Speculative Sellers Return, Hip Hip Hooray

Estate agents Countrywide and property portal Rightmove say they have seen a 35% increase in new properties for sale since the coalition governement announced HIPS were suspended, on 21 May.

The increase in properties coming to the market is being widely explained due to 3 factors:

  1. Suspension of the requirement for a home information pack before putting a property up for sale
  2. The anticipated rise in capital gains tax from 18% to potentially 40-50%
  3. Uncertainty of the election recently being resolved

The anecdotal rises in properties coming on to the market are disputed by some estate agents and RICS surveyors.

“an explosion of instructions is hype and misleading”

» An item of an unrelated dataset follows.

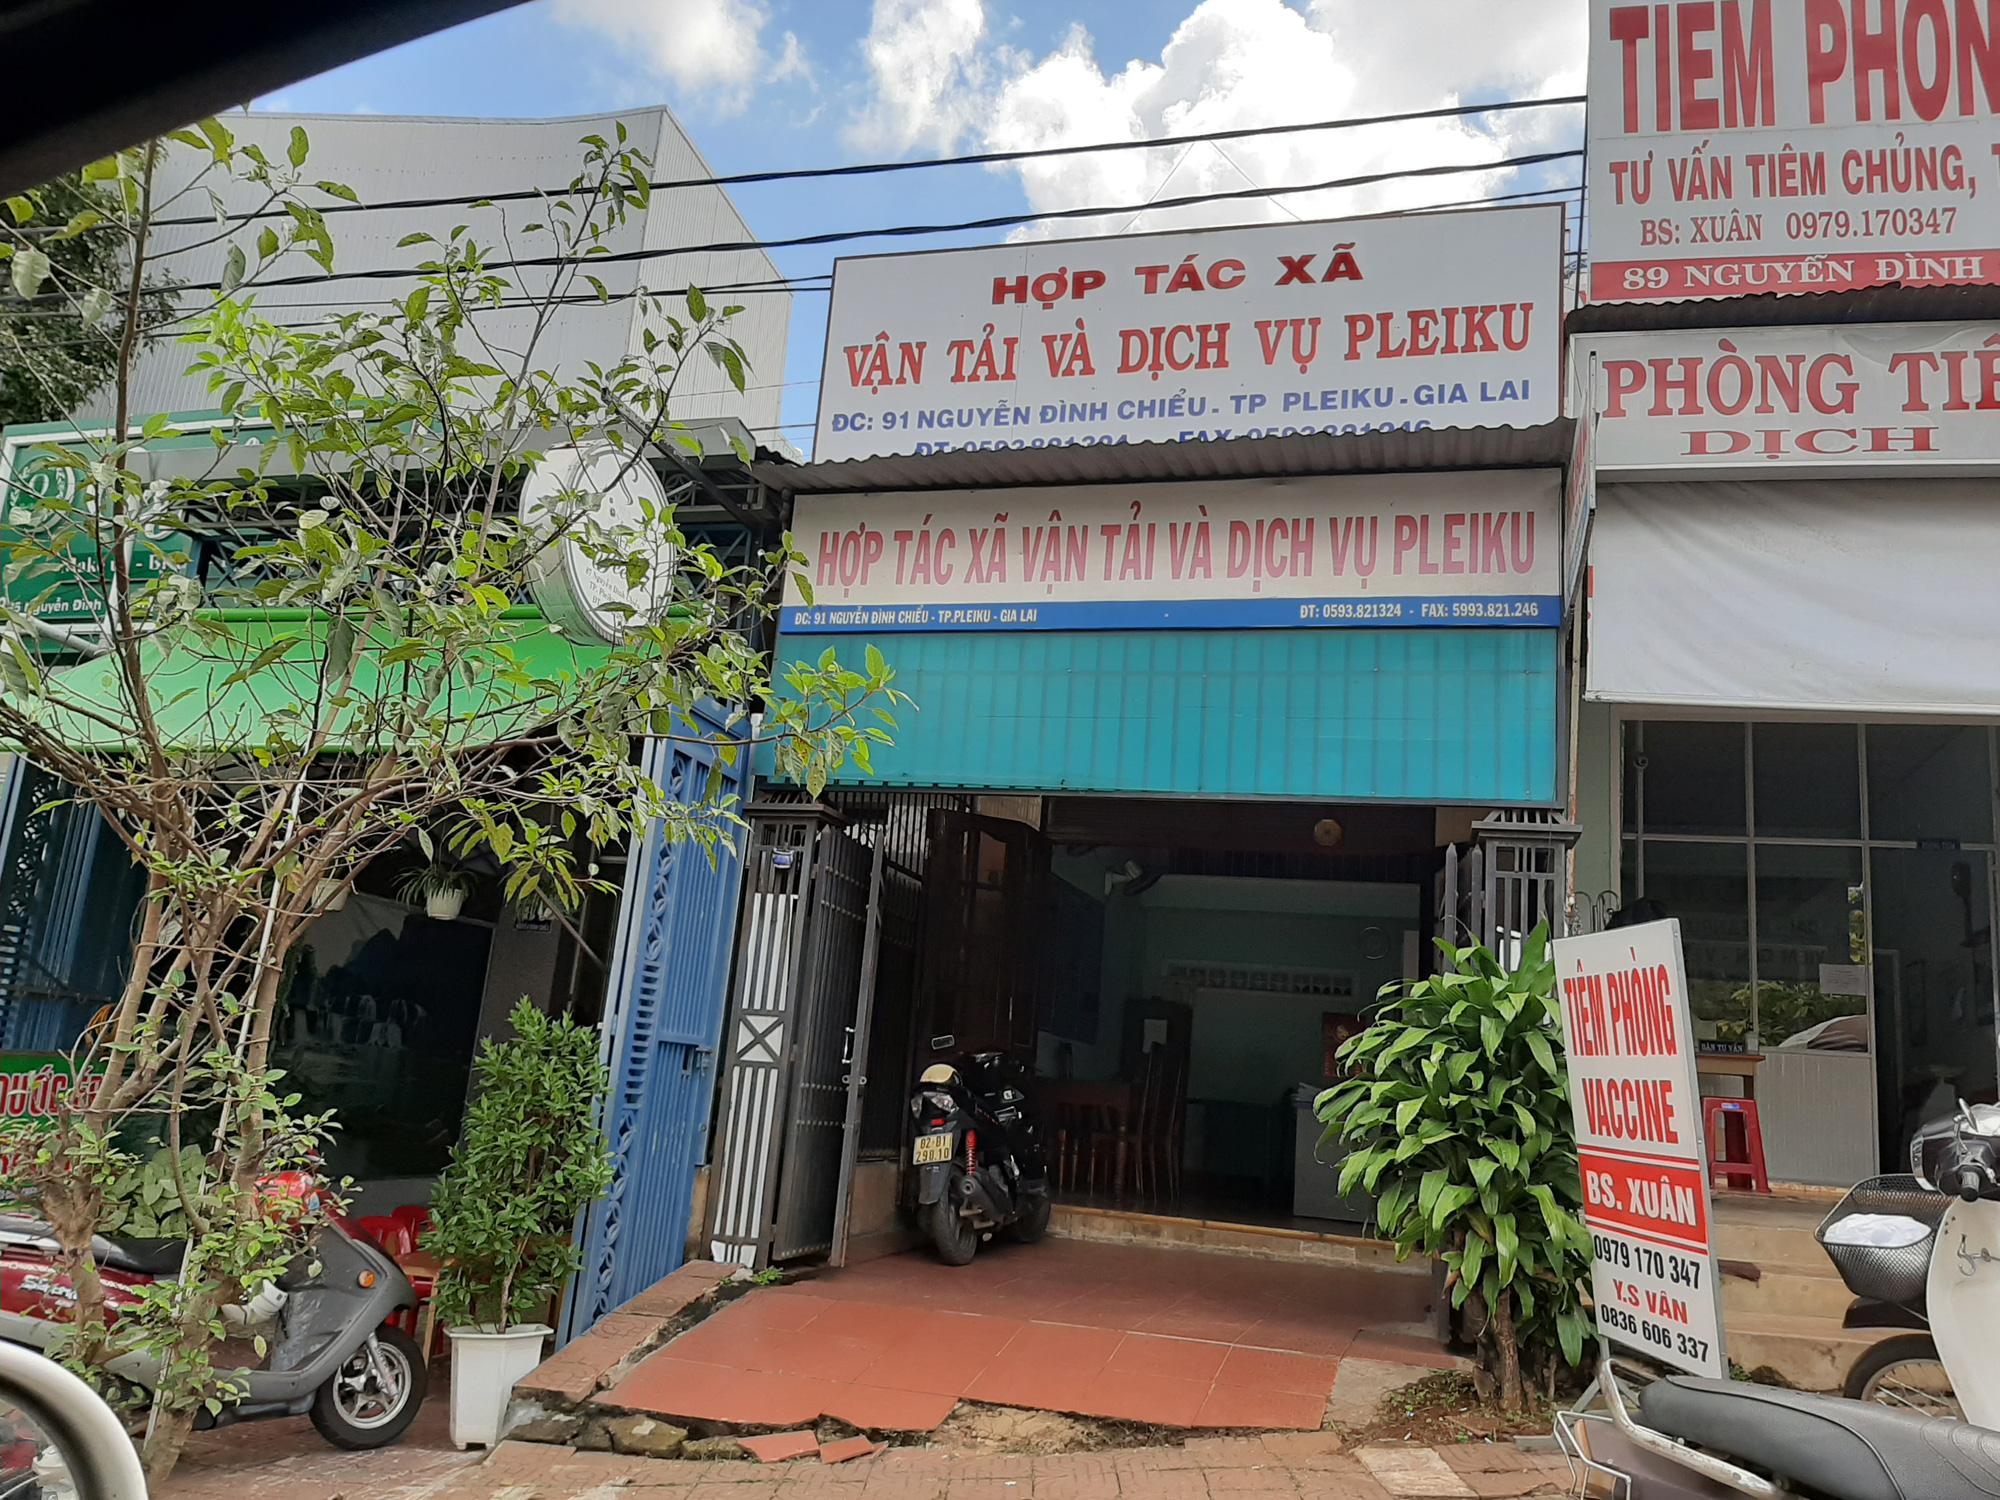 Sai phạm tại Chi cục Nông lâm thủy sản: Ông Lê Huy Toàn không còn làm Chi cục trưởng - Ảnh 2.

Certainly, the removal of HIPs has not removed the market speculation and installed stability with renewed fears of house prices ‘heading for double dip’. It is hard not to see the irony that the removal of the £300 HIP may have inturn helped speculators enter the market but inadvertently played a role in house prices falling. So whilst sellers may feel they have saved £300 from HIP costs, they may have lost substantially more in lower sale prices.

Whilst the main area that is currently agreed upon is that the increase in ‘sellers’ coming to the market has a large element of people speculating and testing the property market. This seems to be largely welcomed by industry commentators and professional bodies including the Royal Institute of Chatered Surveyors (RICS).

In a time of uncertainity do we need sellers in the market who are not truly serious?

Should we really be celebrating the return of speculative sellers to the market?